To sum it up, I expect either disk, CPU or RAM to be exhausted before the package slows down, but instead its as if the SSIS package is taking an afternoon nap. SQL server remains responsive to other queries, and I can't find any performance counters or logged events that betray the cause of the problem.
I'll gratefully reward any reasonable answers / suggestions.

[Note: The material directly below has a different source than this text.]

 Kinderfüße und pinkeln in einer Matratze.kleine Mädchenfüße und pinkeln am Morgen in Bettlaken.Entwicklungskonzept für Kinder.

We finally found a solution... the problem lay in the fact that my client was using VMWare ESX, and despite the VM reporting plenty of free CPU and RAM, the VMWare gurus has to pre-allocate (i.e. gaurantee) the CPU for the SSIS guest VM before it really started to fly. Without this, SSIS would be running but VMWare would scale back the resources - an odd quirk because other processes and software kept the VM happily awake. Not sure why SSIS was different, but as I said, the VMWare gurus fixed this problem by reserving RAM and CPU.
I have some other feedback by way of a checklist of things to do for great performance in SSIS:
Ensure SQL login has BULK DATA permission, else data load will be very slow. Also check that the target database uses the Simple or Bulk Logged recovery model.
Avoid sort and merge components on large data - once they start swapping to disk the performance gutters.
Source sorted input data (according to the target table's primary key), and disable non-clustered indexes on target table, set MaximumInsertCommitSize to 0 on the destination component. This bypasses TempDB and log altogether.
If you cannot meet requirements for 3, then simply set MaximumInsertCommitSize to the same size as the data flow's DefaultMaxBufferRows property.
The best way to diagnose performance issues with SSIS Data Flows is with decomposition.
Step 1 - measure your current package performance. You need a baseline.
Step 2 - Backup your package, then edit it. Remove the Destination and replace it with a Row Count (or other end-of-flow-friendly transform). Run the package again to measure performance. Now you know the performance penalty incurred by your Destination.
Step 3 - Edit the package again, removing the next transform "up" from the bottom in the data flow. Run and measure. Now you know the performance penalty of that transform.
Step 4...n - Rinse and repeat.
You probably won't have to climb all the way up your flow to get an idea as to what your limiting factor is. When you do find it, then you can ask a more targeted performance question, like "the X transform/destination in my data flow is slow, here's how it's configured, this is my data volume and hardware, what options do I have?" At the very least, you'll know exactly where your problem is, which stops a lot of wild goose chases.
Are you issuing any COMMITs? I've seen this kind of thing slow down when the working set gets too large (a relative measure, to be sure). A periodic COMMIT should keep that from happening.
First thoughts:
Are the database files growing (without instant file initialization for MDFs)?
Is the upload batched/transactioned? AKA, is it one big transaction?)